Performance summary:
Gujarat Gas declared its results for 2QCY06 and half year ending CY06. Topline registered a growth of 34% YoY and 36% YoY during 2QCY06 and 1HCY06 respectively. However, operating margins were under pressure, for both the periods under consideration due to lower transmission income.
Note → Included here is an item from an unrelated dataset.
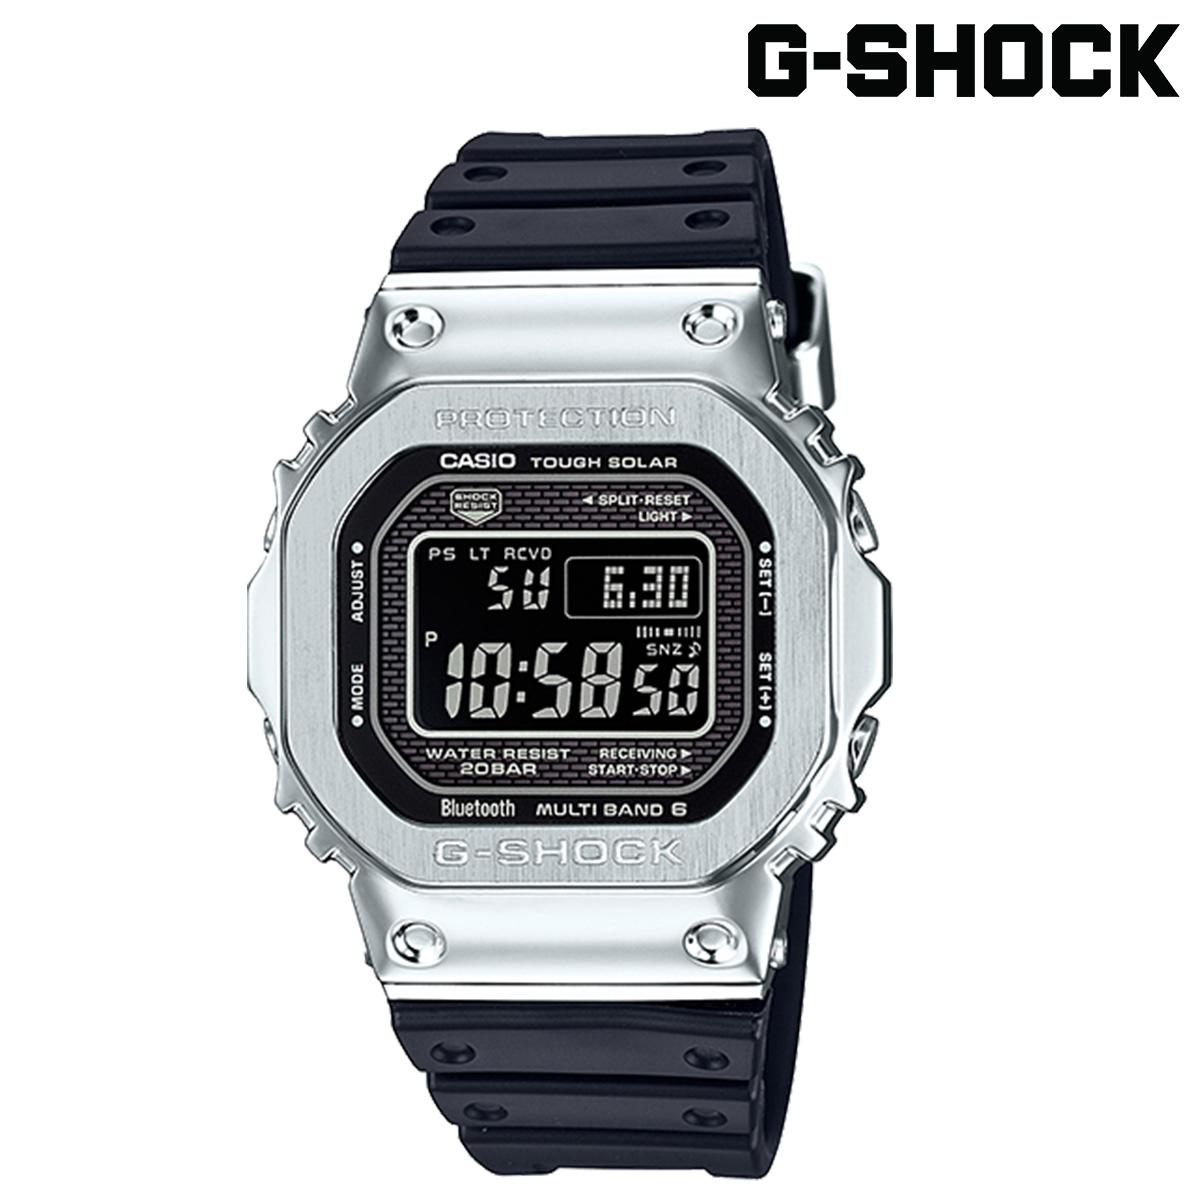 Casio Casio G Shock Watch Gmw B5000 1jf ジーショック G Shock G Shock Silver Men Gap Dis

Bottomline registered a decline of 20% YoY and 21% in 2QCY06 and 1HCY06 respectively.

Consolidated financial snapshot…
(Rs m) 2QCY05 2QCY06 Change 1HCY05 1HCY06 Change
Net sales 1,625 2,176 33.9% 3,267 4,431 35.6%
Income from services 131 75 -42.7% 276 173 -37.3%
Total operating income 1,756 2,251 28.2% 3,543 4,604 29.9%
Expenditure 1,371 1,871 36.5% 2,718 3,782 39.1%
Operating profit (EBDITA) 385 380 -1.1% 825 823 -0.3%
EBDITA margin (%) 21.9% 16.9%   23.3% 17.9%  
Other income 30 36 20.9% 189 80 -57.3%
Interest 0.3 8 2377.6% 1 15 1117.2%
Depreciation 56 77 36.1% 114 151 31.9%
Profit before tax 358 332 -7.2% 898 737 -17.9%
Tax 82 110 35.5% 286 250 -12.7%
Profit after tax 276 222 -19.8% 612 487 -20.4%
Minority interest 1 1 - 2 3 -
Net income 275.2 221 -19.8% 610 484 -20.6%
Net profit margin (%) 15.7% 9.8%   17.3% 10.6%  
No. of shares (m) 12.8 12.8   12.8 12.8  
Diluted earnings per share (Rs)* 85.8 68.8   95.1 75.5  
Price to earnings ratio (x)**   14.3        
** Based on trailing twelve months earnings.

About the Company:
Gujarat Gas Company (GGC), a 65% subsidiary the global major BG group, is India’s largest private sector gas distribution and transmission company. Company has a presence across the three major industrial cities of Surat, Ankleshwar and Bharuch. With a pipeline network of over 2,100 kms (nearly 34% of GAIL’s gas pipeline network), the company caters to both bulk and retail industrial (for their energy requirements), domestic (piped natural gas or PNG) and automobile industry (compressed natural gas or CNG) requirements. GGCL supplies approximately 3 million standard cubic meters per day (MMSCMD) to 170,000 domestic (addition of 20,000 in a year), 2,200 commercial 30,000 automobiles, and 650 industrial customers.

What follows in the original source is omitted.